After a successful two-year pilot phase in Manhattan, The Legal Aid Society is expanding the Society's Criminal Practice Trafficking Victims Advocacy Project services for clients charged with prostitution offenses based on New York State Penal Law § 230.00 or § 240.37 and other related offenses in order to provide these services in each of the five boroughs of New York City. During the two-year pilot phase, the Project has been recognized nationally for its innovative, defender-based approach to the issue of sex trafficking. Expansion of the Project to every borough will enable The Legal Aid Society's Criminal Practice to enhance criminal justice system representation for victims of trafficking throughout the City.
As part of this expansion, The Legal Aid Society selected Kate Mogulescu as the Supervising Attorney of the Trafficking Victims Advocacy Project. Mogulescu, a graduate of SUNY Binghamton and Yale Law School, has been a staff attorney in the Manhattan office since 2003, and she is also an Adjunct Professor at the City College of New York.

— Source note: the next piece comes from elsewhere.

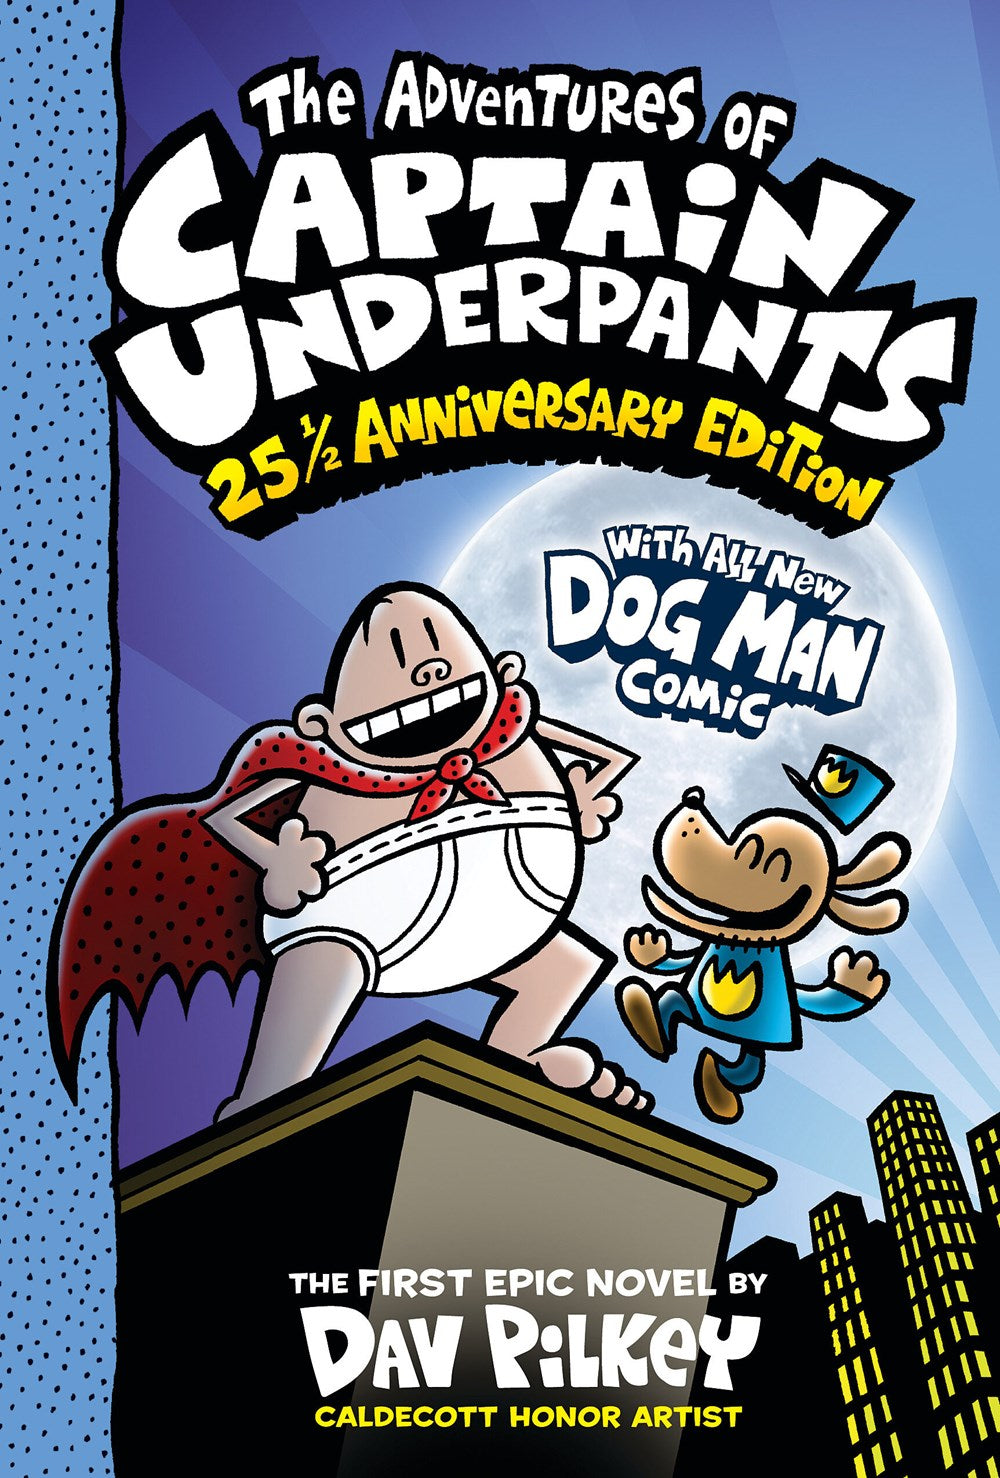 The Adventures of Captain Underpants (Book 1)

In 2011, Mogulescu developed The Legal Aid Society's Trafficking Victims Legal Defense & Advocacy Project, the first anti-trafficking project to be implemented by a public defender organization when she was representing clients charged with prostitution offenses in the Midtown Community Court. This work with clients and the Project’s success have been featured in the New York Times and the New York Daily News, and the Project has been praised by the American Bar Association as one of only two efforts in the United States that are addressing the trafficking problem in the criminal justice system. Mogulescu has recently reported on the work of the Project at the Freedom Network Conference and the City Bar Justice Center, and she has been invited to testify before the New York City Council and the New York State Legislature on the issue of combating sex trafficking. In addition, she regularly trains public defenders, prosecutors, and other criminal justice practitioners in New York City and nationally on best practices to identify victims of sex trafficking and prevent the criminalization of vulnerable populations. In 2012, Kate was named a finalist for the American Constitution Society’s David Carliner Public Interest Award, which "recognizes outstanding mid-career public interest lawyers whose work best exemplifies its namesake’s legacy of fearless, uncompromising and creative advocacy on behalf of marginalized people."